I am learning Jason Hickey's Introduction to Objective Caml.
Here is an exercise I don't have any clue
First of all, what does it mean to implement a dictionary as a function? How can I image that?
Do we need any array or something like that? Apparently, we can't have array in this exercise, because array hasn't been introduced yet in Chapter 3. But How do I do it without some storage?
So I don't know how to do it, I wish some hints and guides.
I think the point of this exercise is to get you to use closures. For example, consider the following pair of OCaml functions in a file fun-dict.ml:
let empty (_ : string) : int = 0
let add d k v = fun k' -> if k = k' then v else d k'
Then at the OCaml prompt you can do:
# #use "fun-dict.ml";;
val empty : string -> int =
val add : ('a -> 'b) -> 'a -> 'b -> 'a -> 'b =
# let d = add empty "foo" 10;;
val d : string -> int =
# d "bar";; (* Since our dictionary is a function we simply call with a
string to look up a value *)
- : int = 0 (* We never added "bar" so we get 0 *)
# d "foo";;
- : int = 10 (* We added "foo" -> 10 *)
In this example the dictionary is a function on a string key to an int value. The empty function is a dictionary that maps all keys to 0. The add function creates a closure which takes one argument, a key. Remember that our definition of a dictionary here is function from key to values so this closure is a dictionary. It checks to see if k' (the closure parameter) is = k where k is the key just added. If it is it returns the new value, otherwise it calls the old dictionary.

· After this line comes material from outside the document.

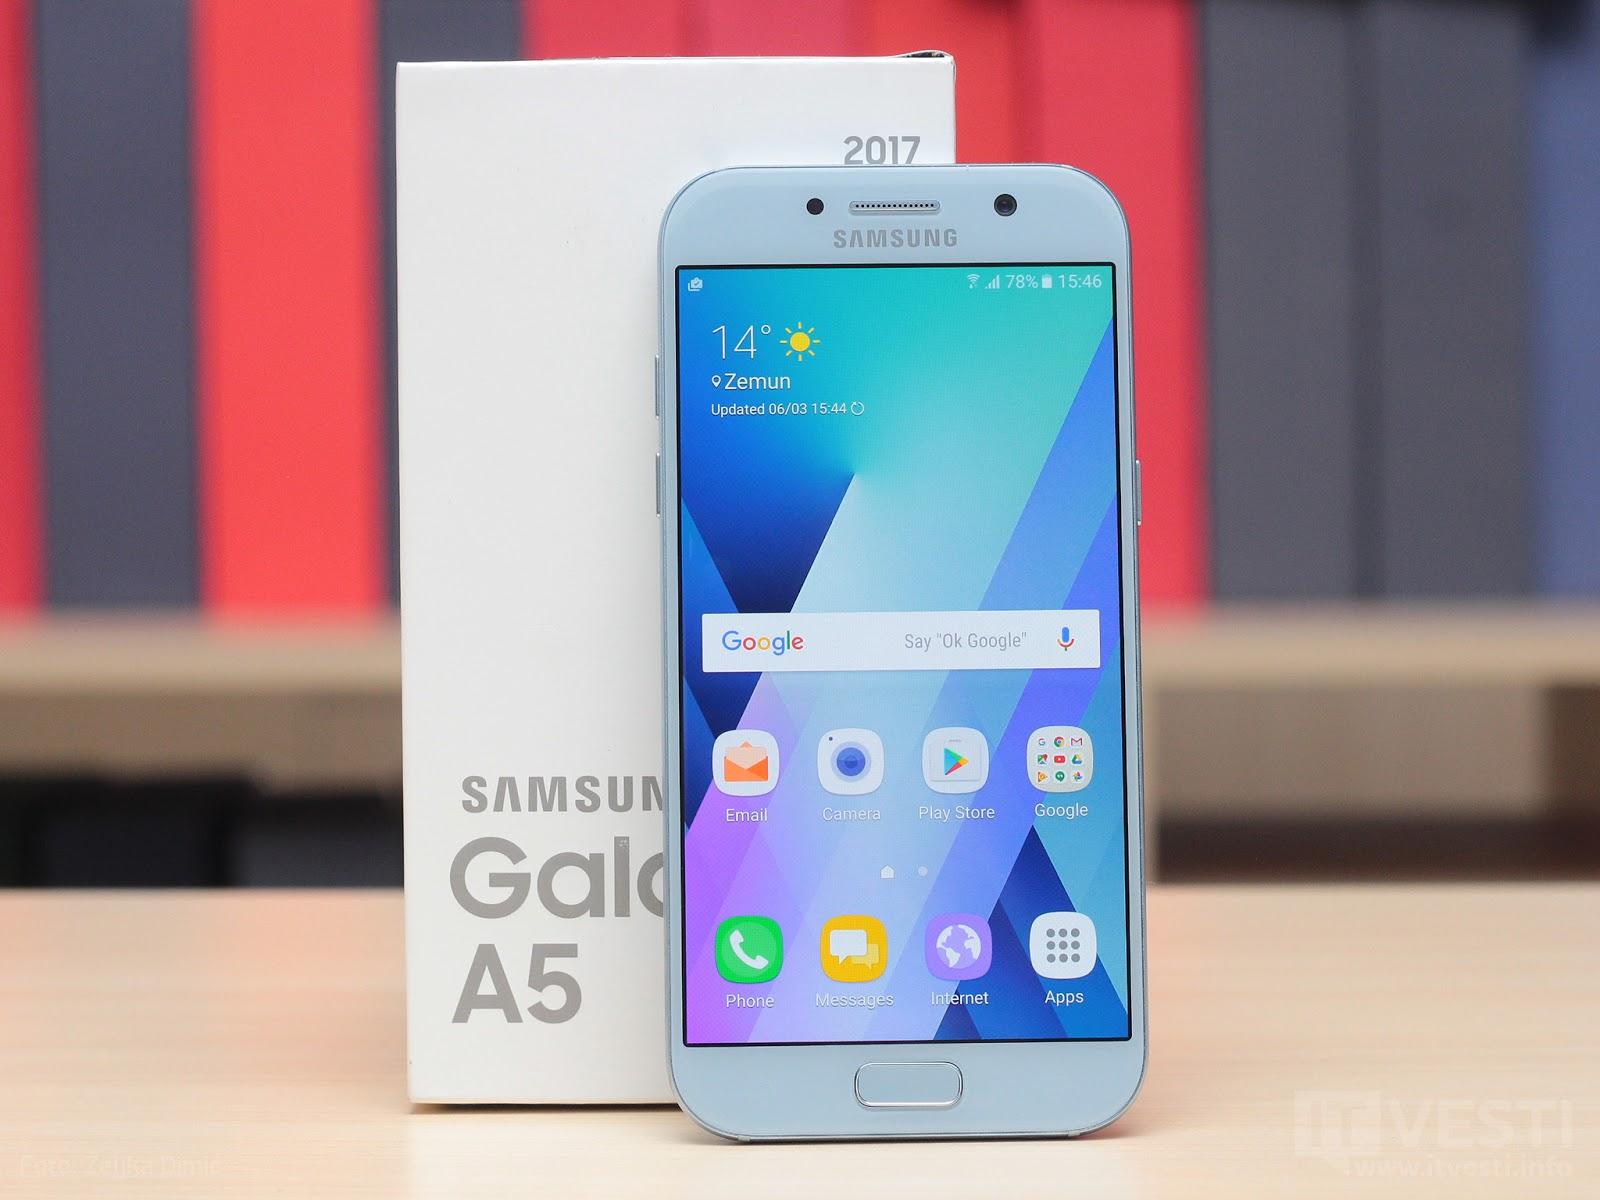 Samsung Galaxy A5 2018 dobio FCC sertifikat a poznate su i specifikacije

You effectively have a list of closures which are chained not by cons cells by by closing over the next dictionary(function) in the chain).

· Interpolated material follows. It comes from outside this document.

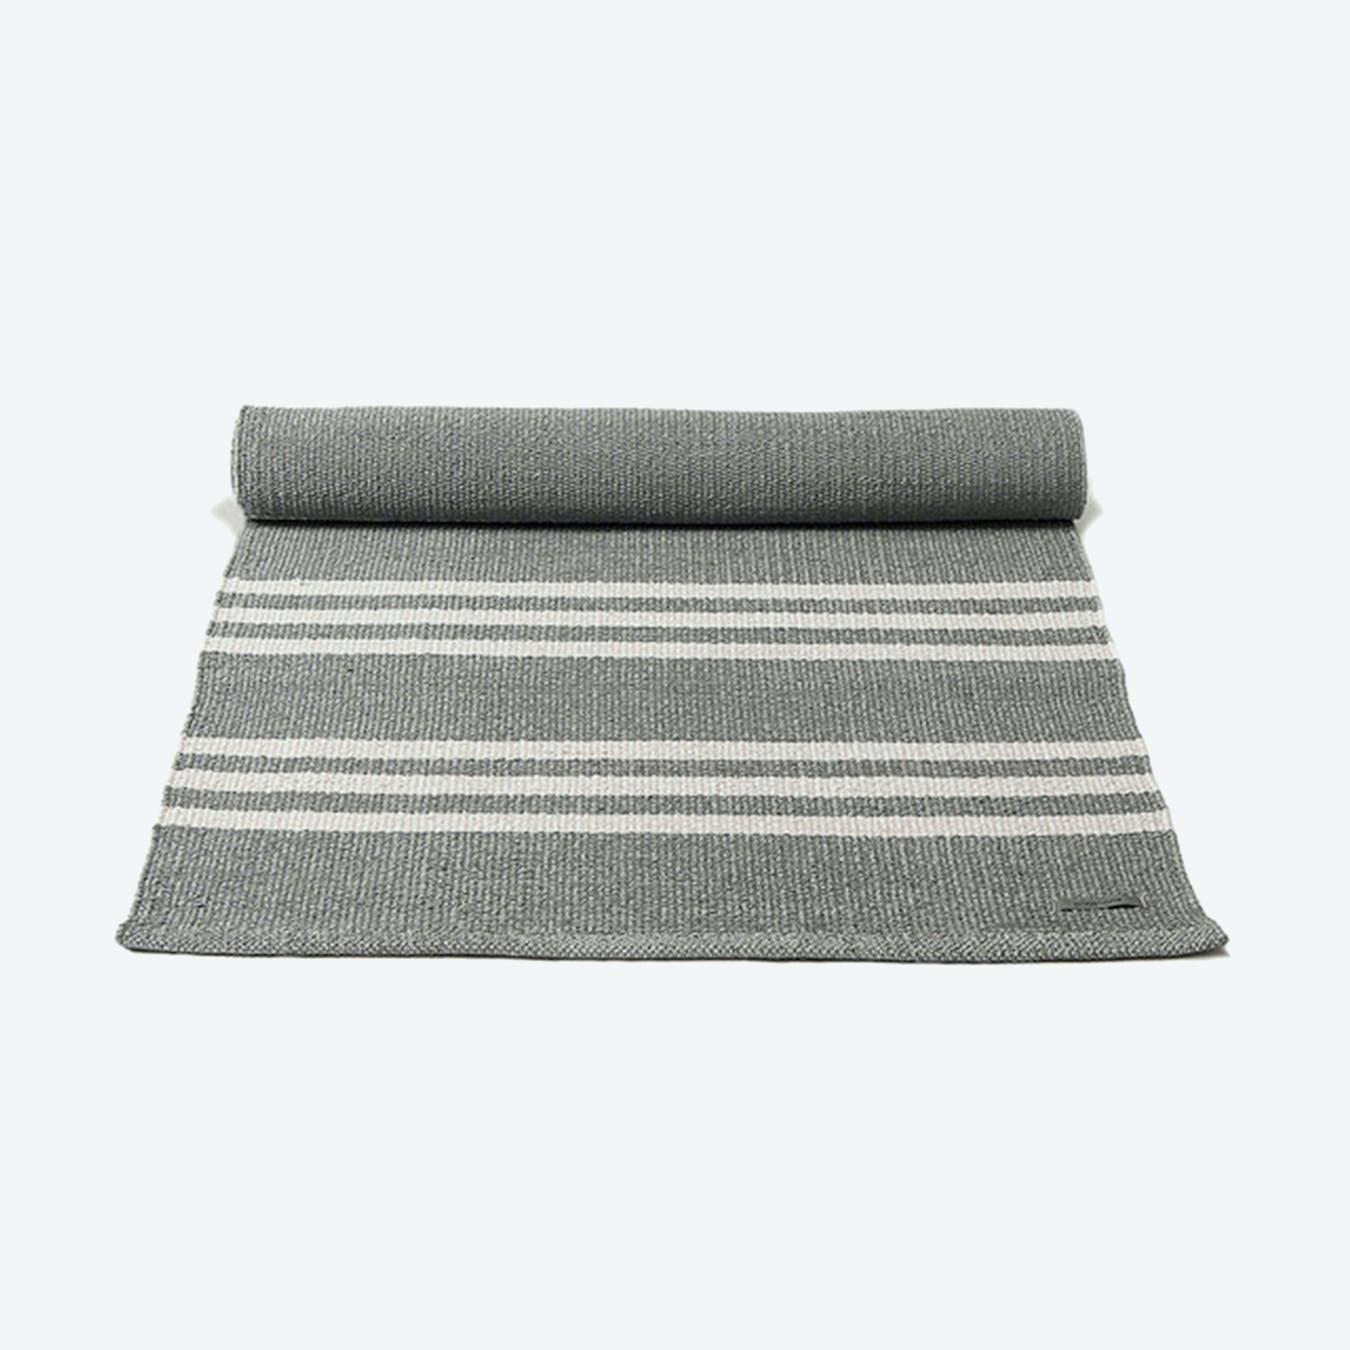 Plastic Rug in Grey, Off White Stripes (200 x 300 cm)

Extra exercise, how would you remove a key from this dictionary?
Edit: What is a closure?
A closure is a function which references variables (names) from the scope it was created in. So what does that mean?
Consider our add function. It returns a function
fun k' -> if k = k' then v else d k
If you only look at that function there are three names that aren't defined, d, k, and v. To figure out what they are we have to look in the enclosing scope, i.e. the scope of add. Where we find
let add d k v = ...
So even after add has returned a new function that function still references the arguments to add. So a closure is a function which must be closed over by some outer scope in order to be meaningful.

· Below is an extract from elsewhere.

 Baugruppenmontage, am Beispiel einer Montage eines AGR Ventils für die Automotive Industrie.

In OCaml you can use an actual function to represent a dictionary. Non-FP languages usually don't support functions as first-class objects, so if you're used to them you might have trouble thinking that way at first.
A dictionary is a map, which is a function. Imagine you have a function d that takes a string and gives back a number. It gives back different numbers for different strings but always the same number for the same string. This is a dictionary. The string is the thing you're looking up, and the number you get back is the associated entry in the dictionary.
You don't need an array (or a list). Your add function can construct a function that does what's necessary without any (explicit) data structure. Note that the add function takes a dictionary (a function) and returns a dictionary (a new function).
To get started thinking about higher-order functions, here's an example. The function bump takes a function (f: int -> int) and an int (k: int). It returns a new function that returns a value that's k bigger than what f returns for the same input.
let bump f k = fun n -> k + f n
(The point is that bump, like add, takes a function and some data and returns a new function based on these values.)
I thought it might be worth to add that functions in OCaml are not just pieces of code (unlike in C, C++, Java etc.). In those non-functional languages, functions don't have any state associated with them, it would be kind of rediculous to talk about such a thing. But this is not the case with functions in functional languages, you should start to think of them as a kind of objects; a weird kind of objects, yes.
So how can we "make" these objects? Let's take Jeffrey's example:
let bump f k =
fun n ->
k + f n
Now what does bump actually do? It might help you to think of bump as a constructor that you may already be familiar with. What does it construct? it constructs a function object (very losely speaking here). So what state does that resulting object has? it has two instance variables (sort of) which are f and k. These two instance variables are bound to the resulting function-object when you invoke bump f k. You can see that the returned function-object:
fun n ->
k + f n
Utilizes these instance variables f and k in it's body. Once this function-object is returned, you can only invoke it, there's no other way for you to access f or k (so this is encapsulation).
It's very uncommon to use the term function-object, they are called just functions, but you have to keep in mind that they can "enclose" state as well. These function-objects (also called closures) are not far separated from the "real" objects in object-oriented programming languages, a very interesting discussion can be found here.
I'm also struggling with this problem. Here's my solution and it works for the cases listed in the textbook...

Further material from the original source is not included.